Well, I have worked as a teacher in Texas, in England, in Germany, in Nigeria and in Spain, and it is true that teachers are under appreciated, underpaid
and overworked everywhere; it's not so bad in Germany now that I think about it.... I can't say I am a vocational teacher, meaning that I would not do what I do if I didn't get paid for it (I'll never be a millionaire but the job pays the bills) , and I have never shared those idealistic notions according to which "teachers are generous spirits who devote themselves to shaping the minds and hearts of the children and in doing so are able to touch the future". Nope. Real life is not like that at all. I never really gave it a second thought though, I have two Masters and a PhD and it was always kind of taken for granted that I'd become a teacher, mainly because I kept hearing that my choices would never allow for a different career, and before I knew it ten years had gone by and I must confess I don't regret a single moment.
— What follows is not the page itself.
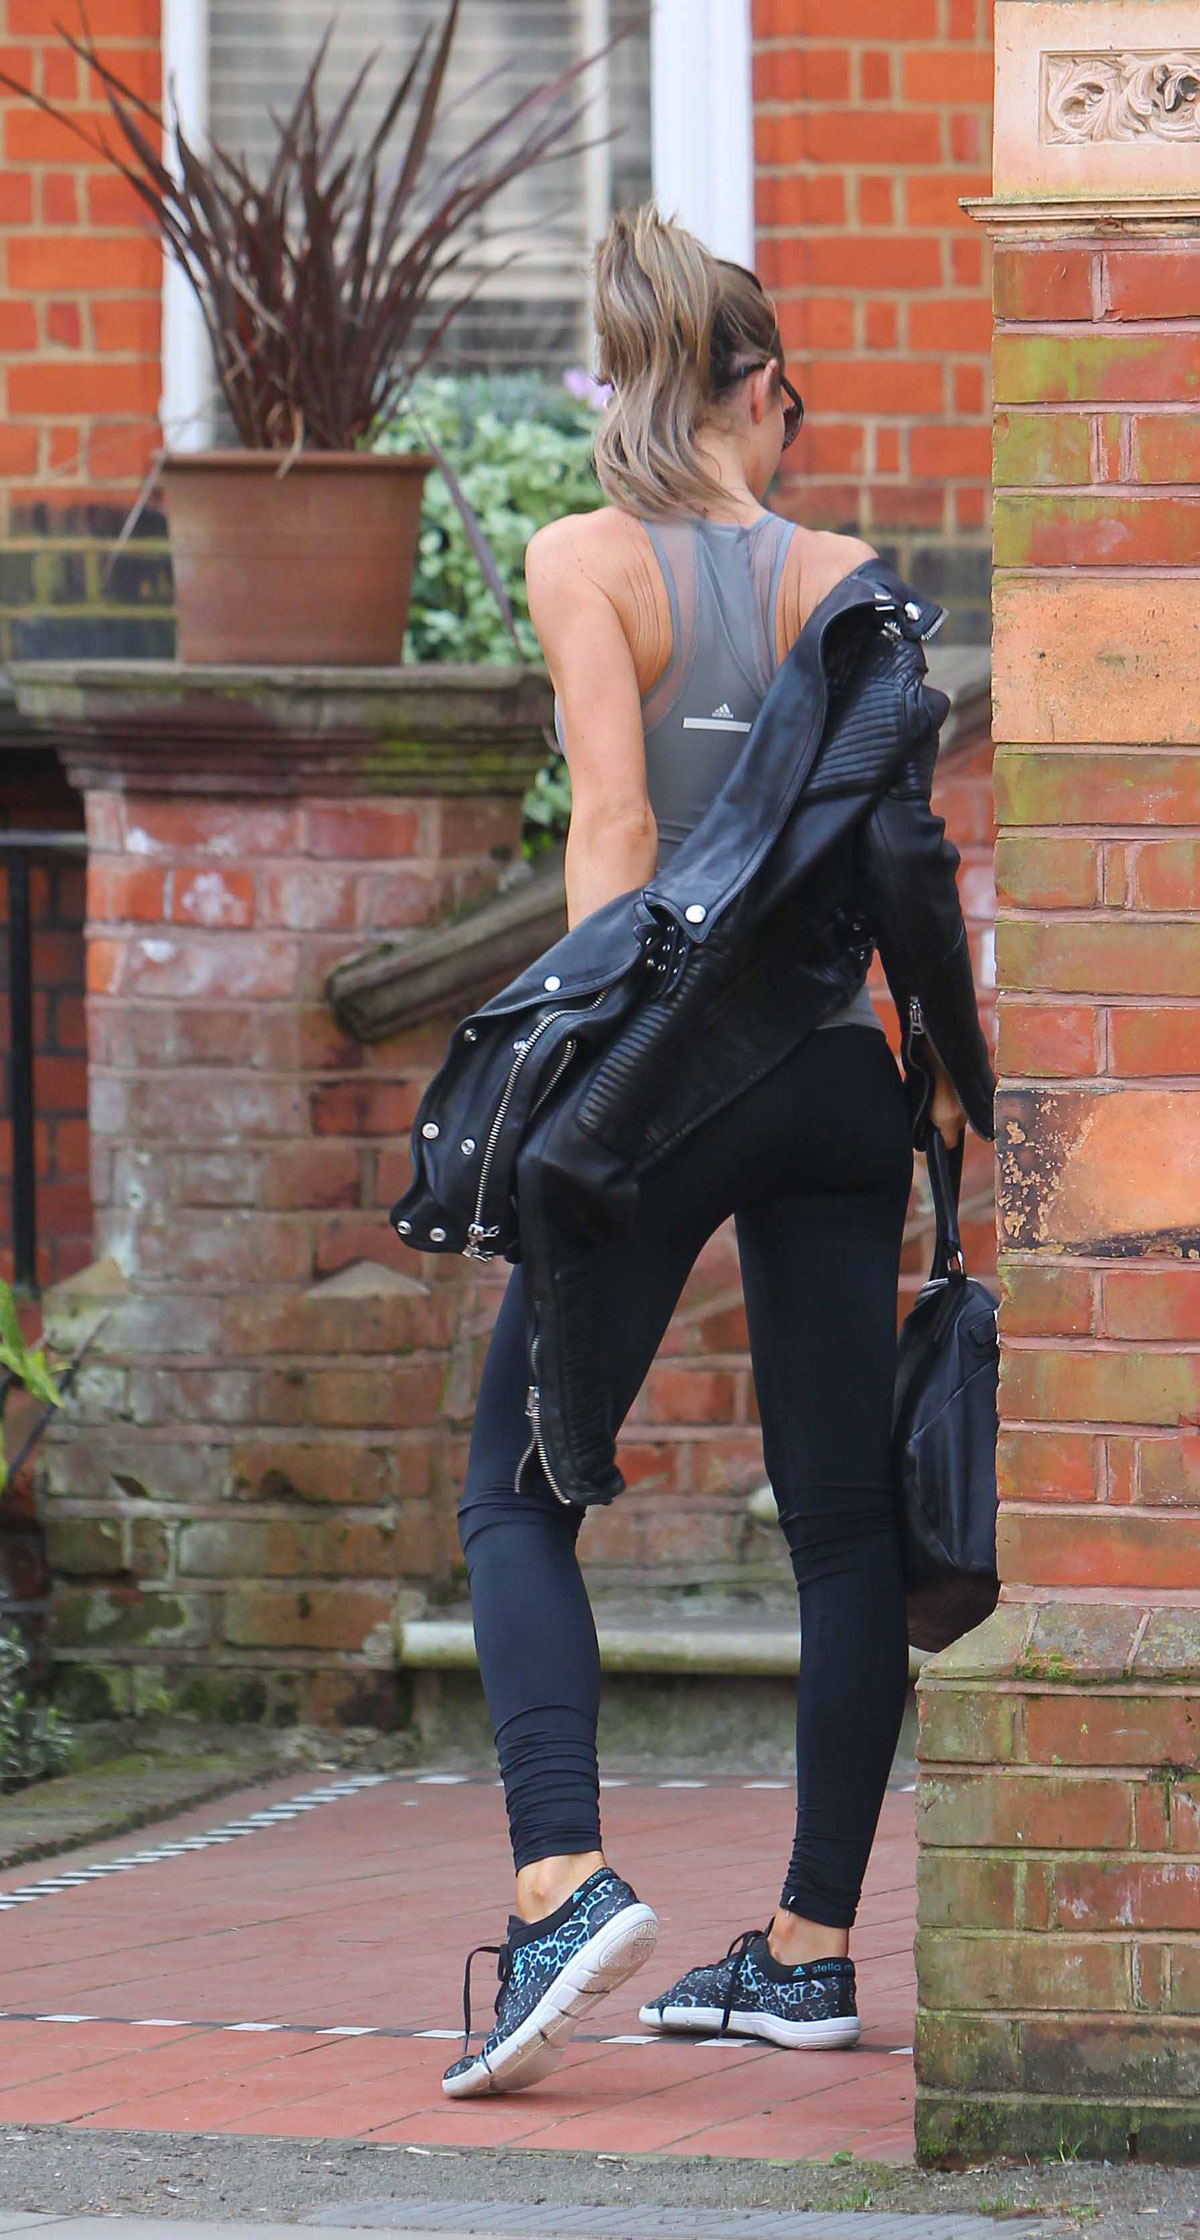 Abbey Clancy leaves her central London home to go to the gym

Now I think of my own experience working with all sorts of students and in very different environments and under very different conditions, from elemmentary school to PhD programs, from cold and small classrooms to high tech language labs, and I still don't feel like I'm changing the world or anything like that, and I still believe that there are better jobs out there. But there's something about teaching, there are moments in a classroom that certainly make teaching very special: I taught Maths (not that I am particularly mathematically inclined, mind you) in 3rd grade in Texas and I remember I got a thrill when my kids learned to multiply and I realised I had been the one who had taught them how to do it , or when one of my current students walks up to me all excited because now he can actually understand the words of his favourite song (something by Katy Perry I guess), or when I ran a creative writing workshop for young women in Nairobi and I could see how my coaching helped them turn their ideas into meaningful stories right in front of my eyes. Geez, I'm getting all emotional here....

The thing is that I don't really think there's nothing as rewarding or as inspirational as teaching, and somehow it just makes up for the rest. Plus we've got lots of holidays, don't we?